Наш перекресток был полон типичных звуков городской среды с ее грузовиками и автобусами, уличными проповедниками и громко говорящими людьми, высокими каблуками и звонками мобильников. Несколько раз ученые пытались произвести инвентаризацию: классифицировать яркие или приглушенные, простые или сложные, короткие и долгие звуки, которые попадают в горожан. Это кажется невозможным. Мы не настолько внимательны, чтобы замечать каждый звук, и не располагаем достаточным количеством слов, чтобы обозначить эти звуки. Даже шумы, которые издает наш организм – биение сердца, поскрипывание суставов, – ускользает от нашего внимания. Чтобы услышать эти звуки, нам придется войти в безэховую камеру. В этом странном месте все внешние звуки заглушены. Человек может слышать только журчание циркулирующей по сосудам крови, накладывающиеся друг на друга удары сердца и шум легочных мышц, растягивающихся при вдохе.

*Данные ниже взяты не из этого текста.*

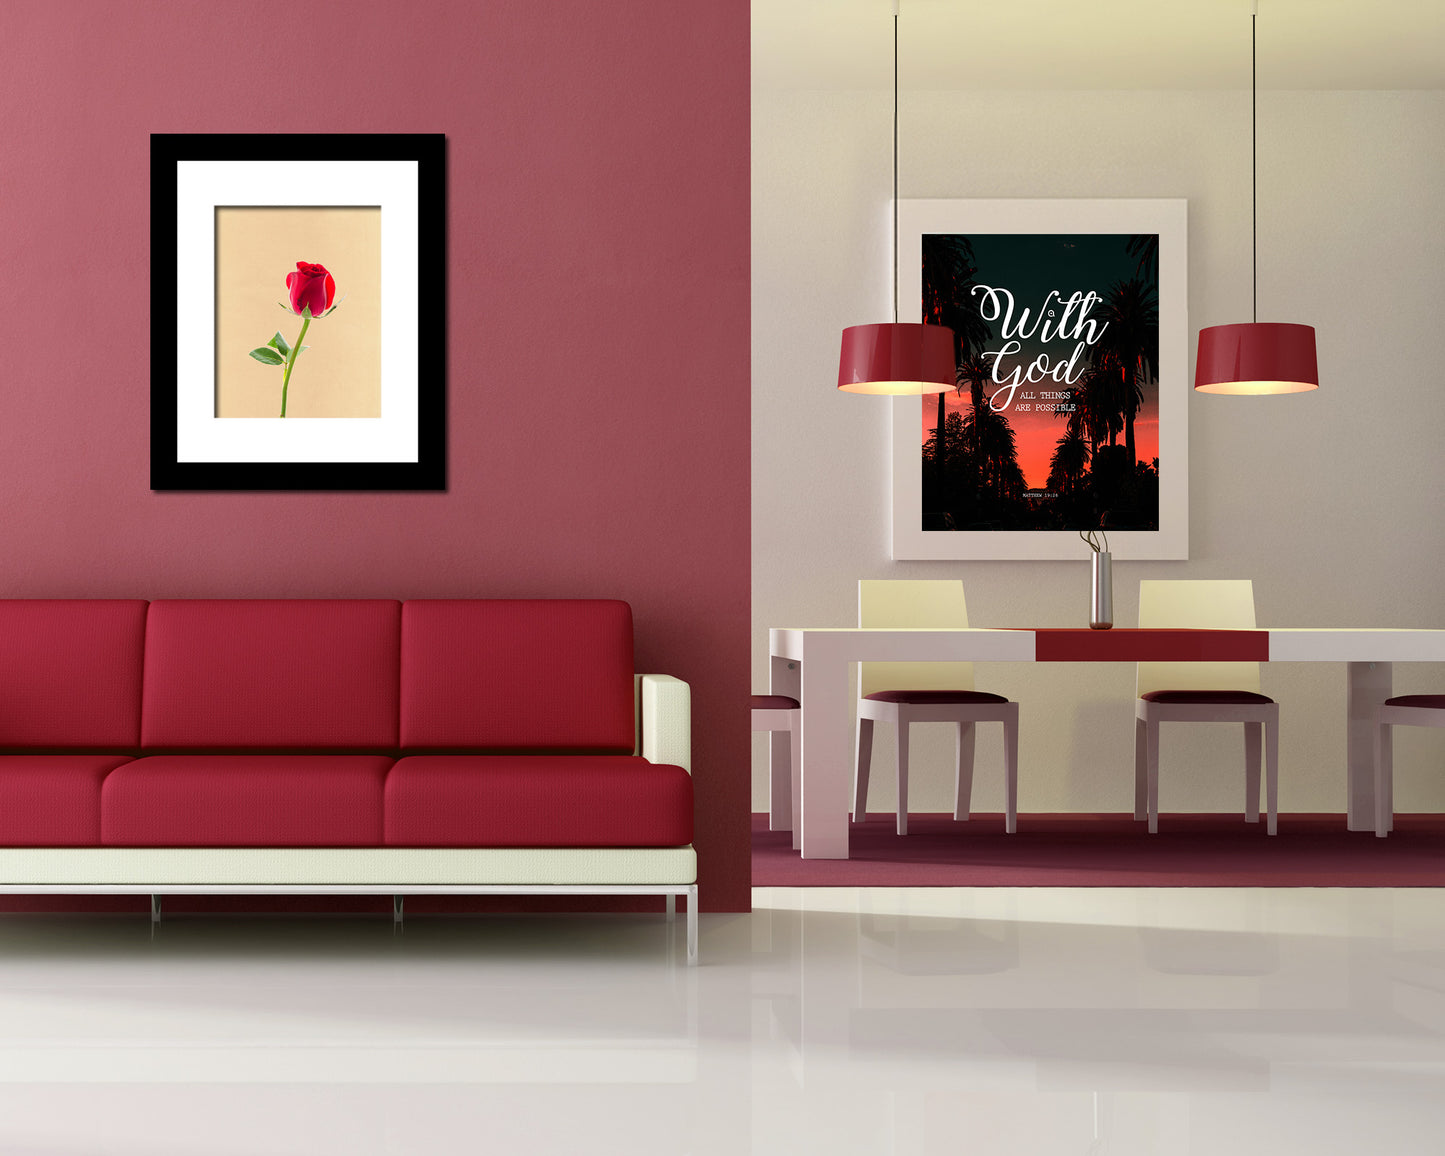 Red Rose Colorful Plants Art Wood Framed Print Wall Decor Gifts

Горожане непроизвольно становятся экспертами по звукам. Я поняла, что слышу разницу между звуком автобуса маршрутного и городского; умею распознавать акустические характеристики четных и нечетных дней для парковки; по звукам речи могу определить, где я – на Бродвее или на Амстердам-авеню. Люди, часто гуляющие в лесу, могут научиться распознавать деревья по характерным звукам: рыданиям и стонам (ель), свисту (остролист), шипению (ясень) или шелесту (береза). В лесу мои уши сродни незаточенному инструменту, в городе же они настроены очень точно. И пусть за городом кто-нибудь определяет температуру на улице, наблюдая за сверчком, – зато в городе я, просто прислушавшись к уличным звукам, через пару секунд после пробуждения знаю, какой сегодня день – выходной или рабочий. Если шумит мусоровоз, то день рабочий, а если шоссе гудит чуть тише обычного, то выходной.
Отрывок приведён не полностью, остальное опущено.